Complete VM Mobility Across The Data Center with SMB 3.0, RDMA, Multichannel & Windows Server 2012 (R2)

Introduction

The moment I figured out that Storage Live Migration (in certain scenarios) and Shared Nothing Live Migration leverage SMB 3.0 and as such Multichannel and RDMA in Windows Server 2012 I was hooked. I just couldn’t let go of the concept of leveraging RDMA for those scenarios.  Let me show you the value of my current favorite network design for some demanding Hyper-V environments. I was challenged a couple of time on the cost/port of this design which is, when you really think of it, a very myopic way of calculating TCO/ROI. Really it is. And this week at TechEd North America 2013 Microsoft announced that all types of Live Migrations support Multichannel & RDMA (next to compression) in Windows Server 2012 R2.  Watch that in action at minute 39 over here at Understanding the Hyper-V over SMB Scenario, Configurations, and End-to-End Performance. You should have seen the smile on my face when I heard that one! Yes standard Live Migration now uses multiple NIC (no teaming) and RDMA for lightning fast  VM mobility & storage traffic. People you will hit the speed boundaries of DDR3 memory with this! The TCO/ROI of our plans just became even better, just watch the session.

So why might I use more than two 10Gbps NIC ports in a team with converged networking for Hyper-V in Windows 2012? It’s a great solution for sure and a combined bandwidth of 2*10Gbps is more than what a lot of people have right now and it can handle a serious workload.

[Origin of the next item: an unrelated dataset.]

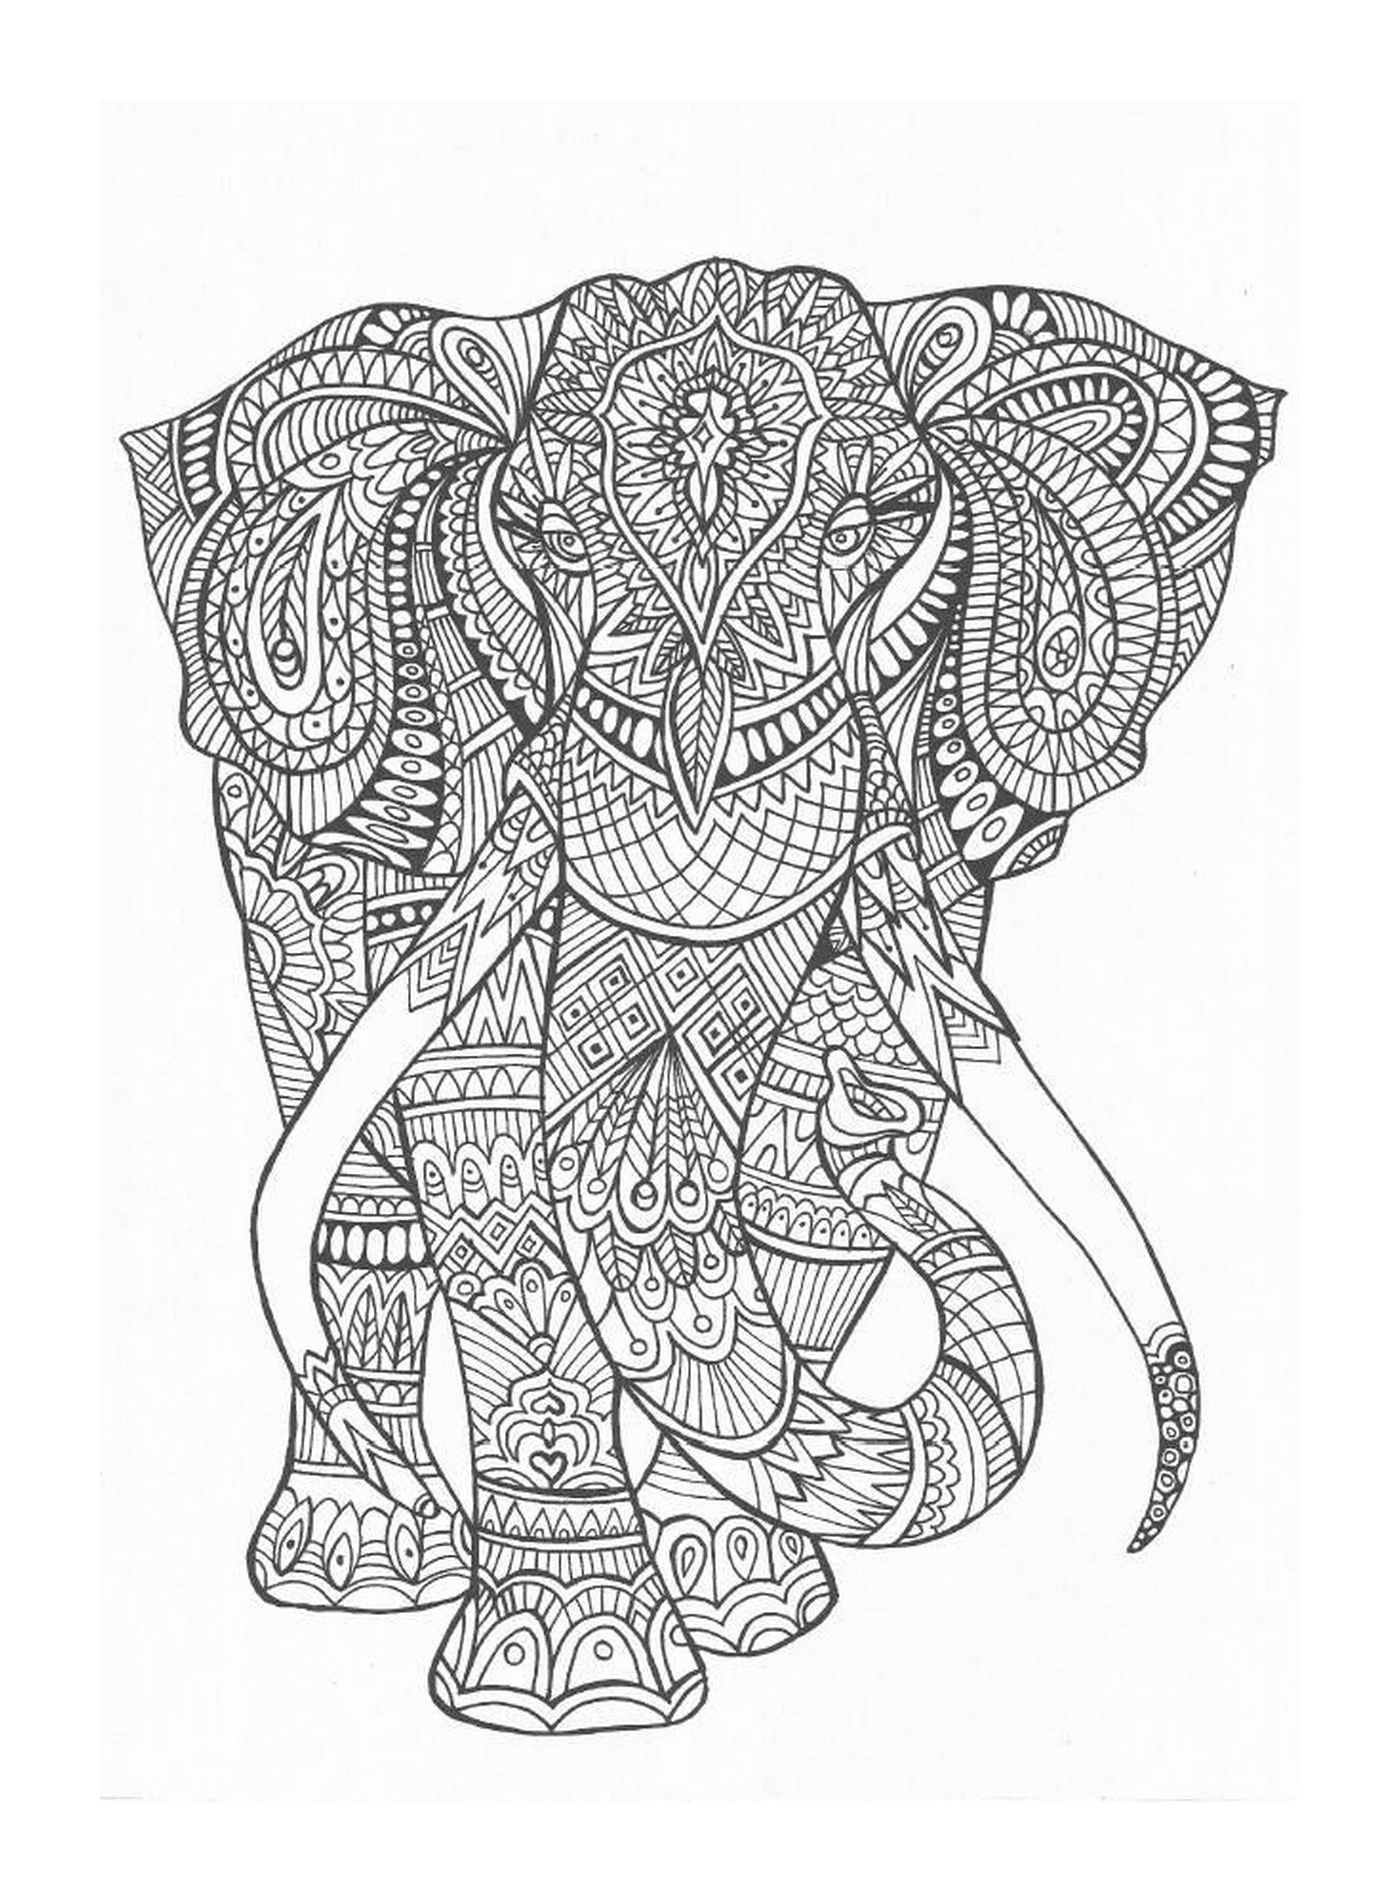  हाथी की सजावट 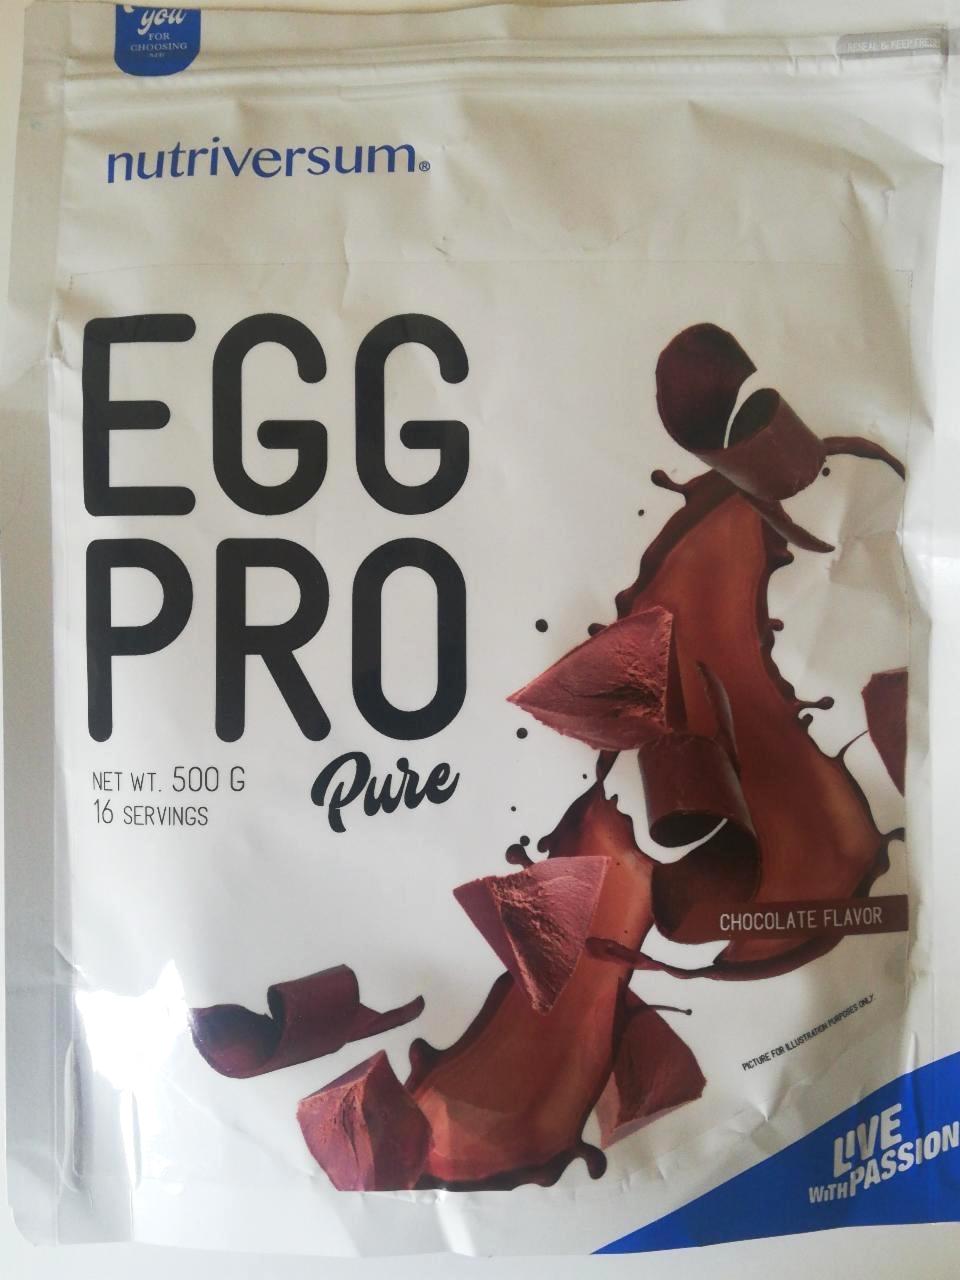 Képek - Egg Pro Csokoládé ízű Nutriversum

So don’t get me wrong, I like that solution. But sometimes more is asked and warranted depending on your environment.

The reason for this is shown in the picture below. Today there is no more limit on the VM mobility within a data center. This will only become more common in the future.

image

This is not just a wet dream of virtualization engineers, it serves some very real needs. Of cause it does. Otherwise I would not spend the money. It consumes extra 10Gbps ports on the network switches that need to be redundant as well and you need to have 10Gbps RDMA capable cards and DCB capable switches.  So why this investment? Well I’m designing for very flexible and dynamic environments that have certain demands laid down by the business. Let’s have a look at those.

The Road to Continuous Availability

All maintenance operations, troubleshooting and even upgraded/migrations should be done with minimal impact to the business. This means that we need to build for high to continuous availability where practical and make sure performance doesn’t suffer too much, not noticeably anyway. That’s where the capability to live migrate virtual machines of a host, clustered or not, rapidly and efficiently with a minimal impact to the workload on the hosts involved comes into play.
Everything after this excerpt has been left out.